Traveling on the Monorail in Naha

Travel above the heart of city

When you come to Okinawa, the monorail which is known as “Yui Rail” is a good way to travel around Naha. With 15 different stops high above the city streets, it gives a great view of the city of Naha. The trip from the airport (Naha - kuko) to Shuri castle on the monorail takes about 30 minutes. The cost is under 400 yen one way. (Make sure to keep your ticket after you use it in order to get through the gate as you will need it when you exit at your stop.) If you buy a 1 day pass for 700 yen you can use the monorail an unlimited amount of times for a 24 hour period. That being said, it is important to know that the monorail opens at 6 AM and closes at 11:30 PM every day. If you need to get around the city after that time you can always catch a cab. As for the buses, it will depend on the company since they all have different schedules. More on that at a later date.
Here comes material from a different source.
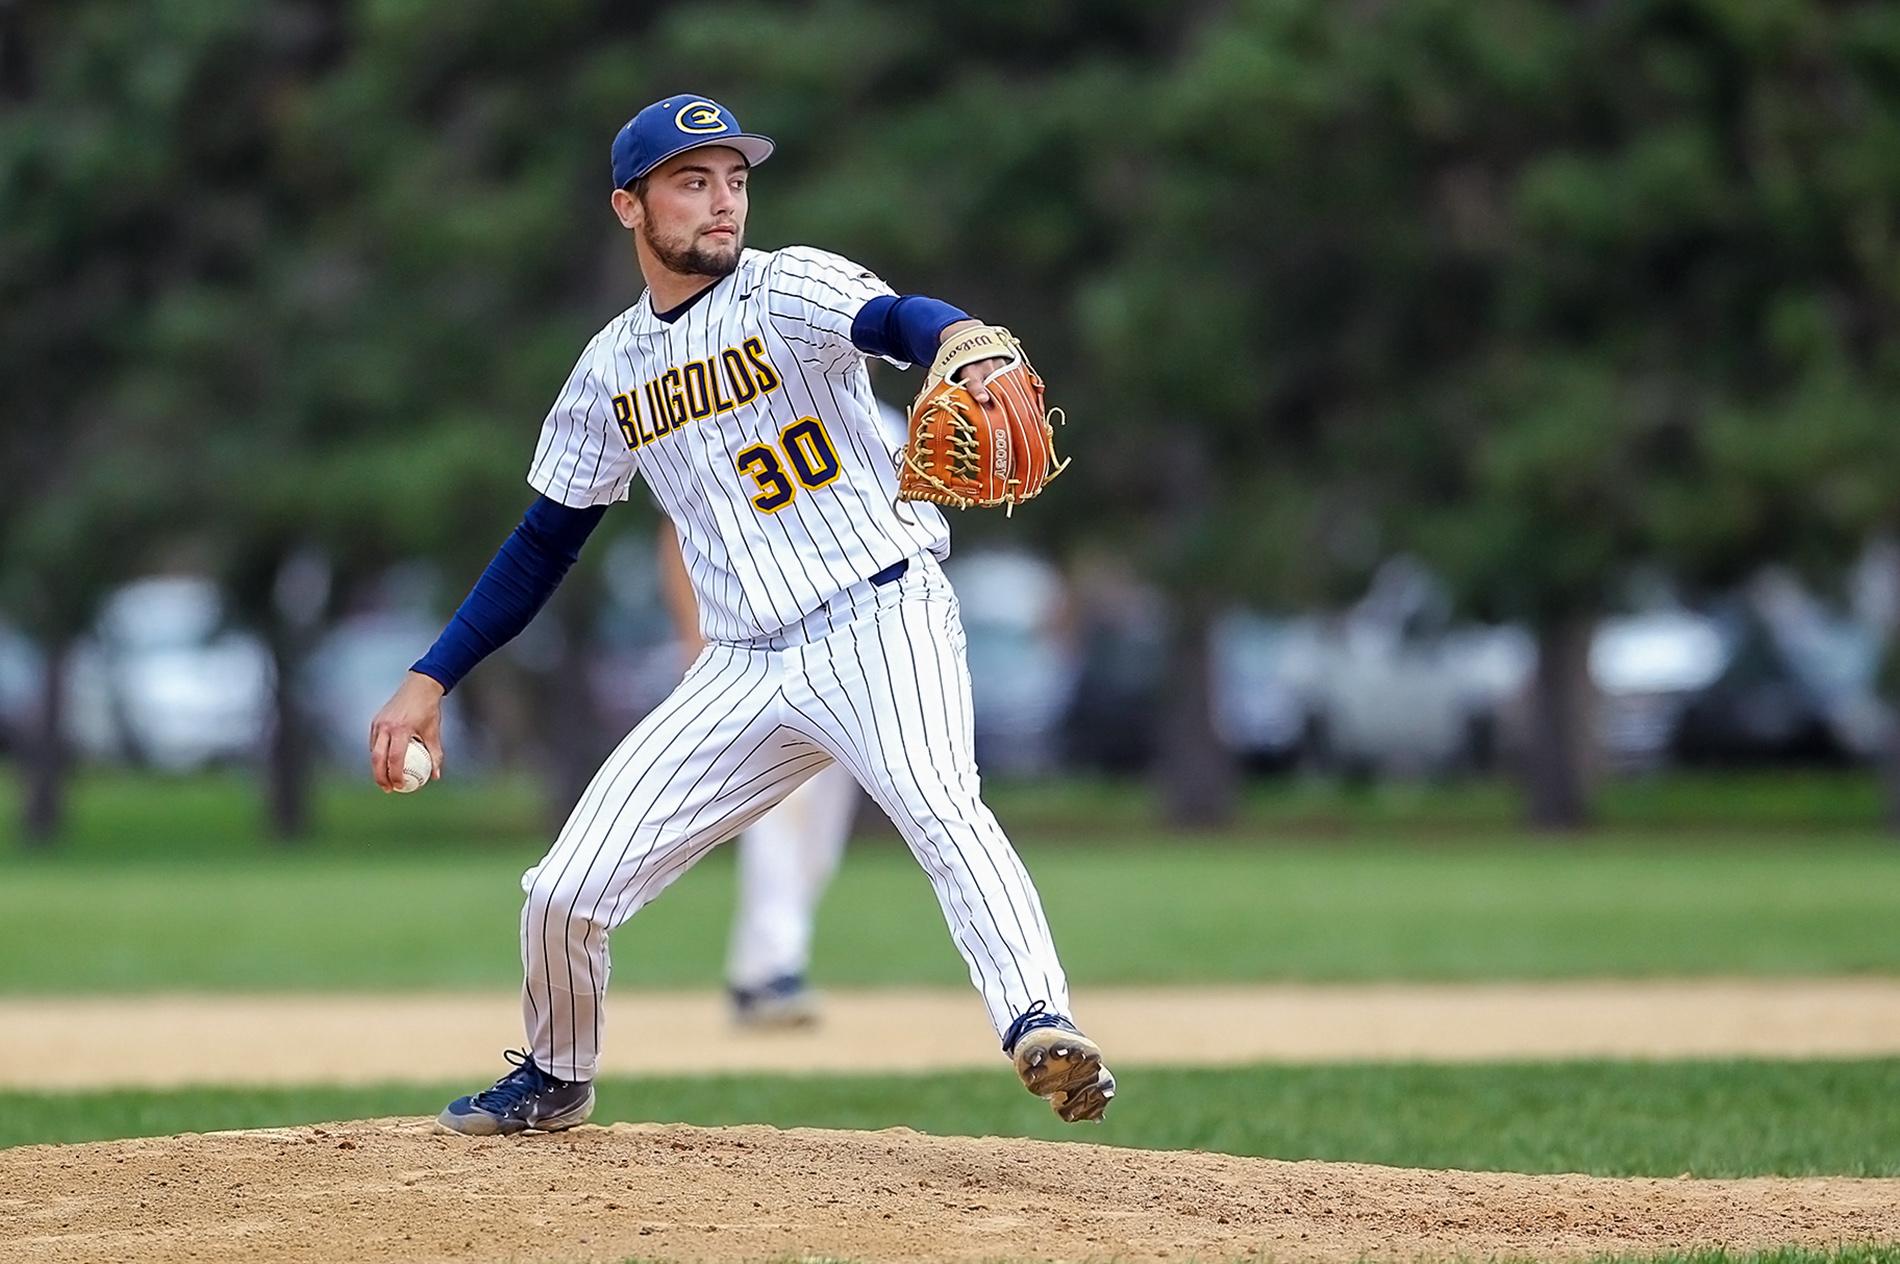 Blugolds Fall Short To Eagles
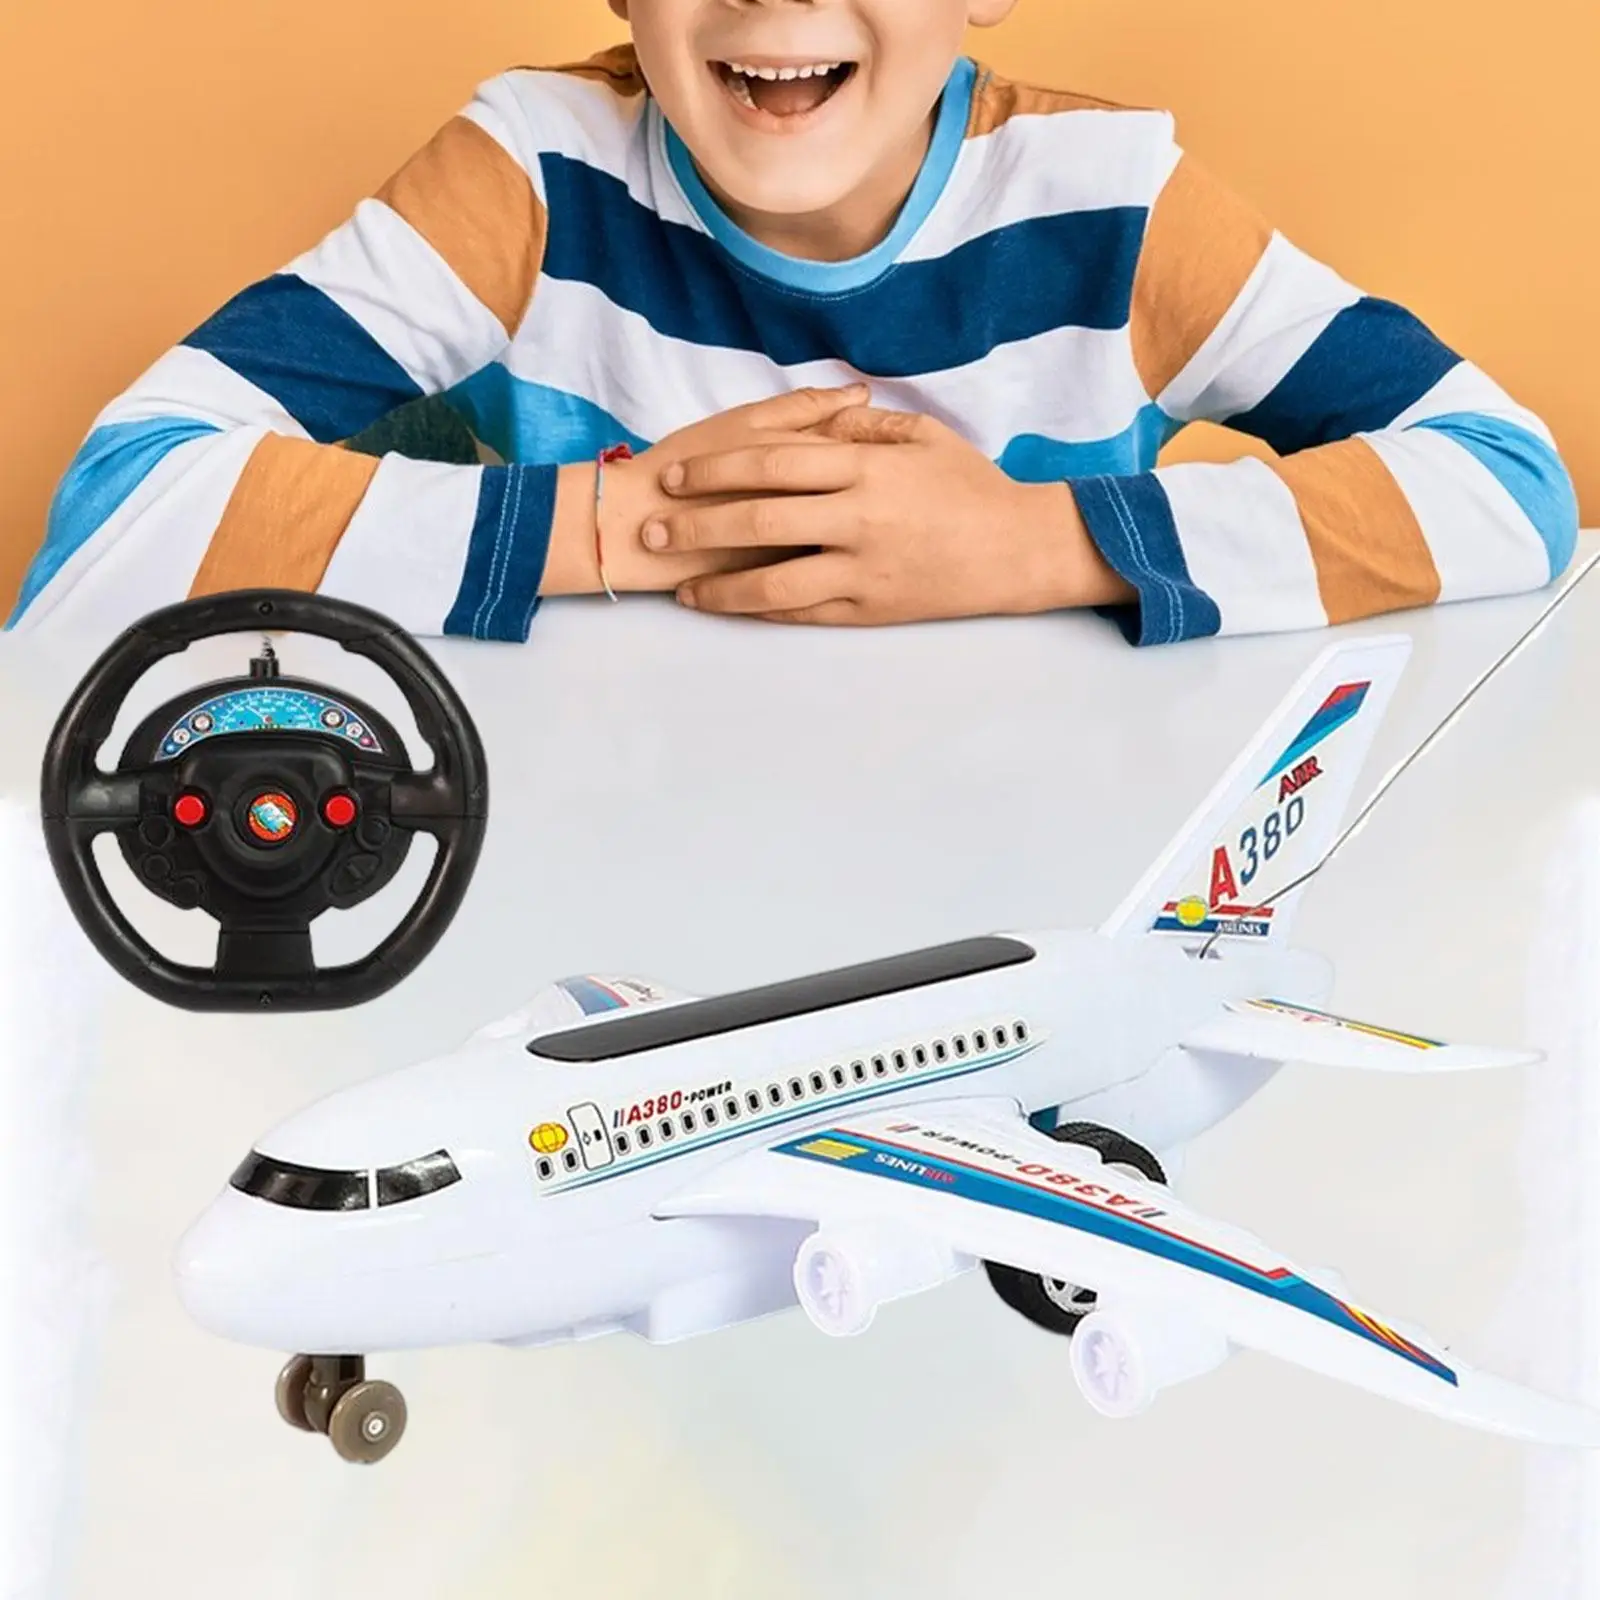 RC Airplane Aircraft 2CH Passenger Plane for Beginners Kids Birthday Gift

Returning to the monorail ticketing system, the ticketing machines in the station have English available as an option. If you will be in Naha for an extended period of time and don't want to have to purchase a ticket every time you go to a monorail station, you can purchase from the ticket machines (or the counter) prepaid rechargeable cards that you swipe at the ticket gates. These cards are called “Okica” (オキカ) and they can be purchased with varying amounts of money stored on the card as needed. You can charge these cards in prepaid amounts ranging from as low as 1000yen on up to 30,000 yen (roughly 10 USD to 300 USD). Additionally these cards can also be used for the four local main bus companies of Okinawa. These are the regular city and inter-island buses, not the big tourist buses. Additionally, according to - “People can get a refund for points depending on the frequency of use. For example, one can get 10 points for each ¥10 used for commuting. The points can then be used for a fare from 100 points on.”- (On the Okica card.)

Picture of the Okica card

Picture of the Okica card

All of the monorail stops have their merits but the monorail stop I want to talk about today is the Oroku station. If you have just arrived from Europe or wherever location that uses 220 volts as plug-in power, and you need a plug-in converter to charge your electronics, or if you need sun block lotion, band-aids, blister ointment, sandals, shorts, etc. Then the Oroku station is the perfect place to stop for shopping because it is connected to an Aeon mall with supermarkets, drugstores, restaurants, a food court with local delicacies, and ATM machines. JP (Japan's post office) is on the 4th floor and they will take debit and credit cards from foreign countries. In Okinawa, the ATM's close at 10 PM during the week and 9 PM on the weekends. I know what you are thinking. That's crazy and inconvenient, but that is the way it is here, so if your going out and need money — get it before 9 pm. Japan is mostly a cash society and the prefecture of Okinawa is no exception to that. Most big restaurants and night clubs accept credit cards, but the smaller places like izakayas and little mom and pop bars will not accept credit cards or debit cards. So get your cash funds ready, because in my opinion the little places are much more interesting than the big restaurant chains, and the local people are friendly and engaging.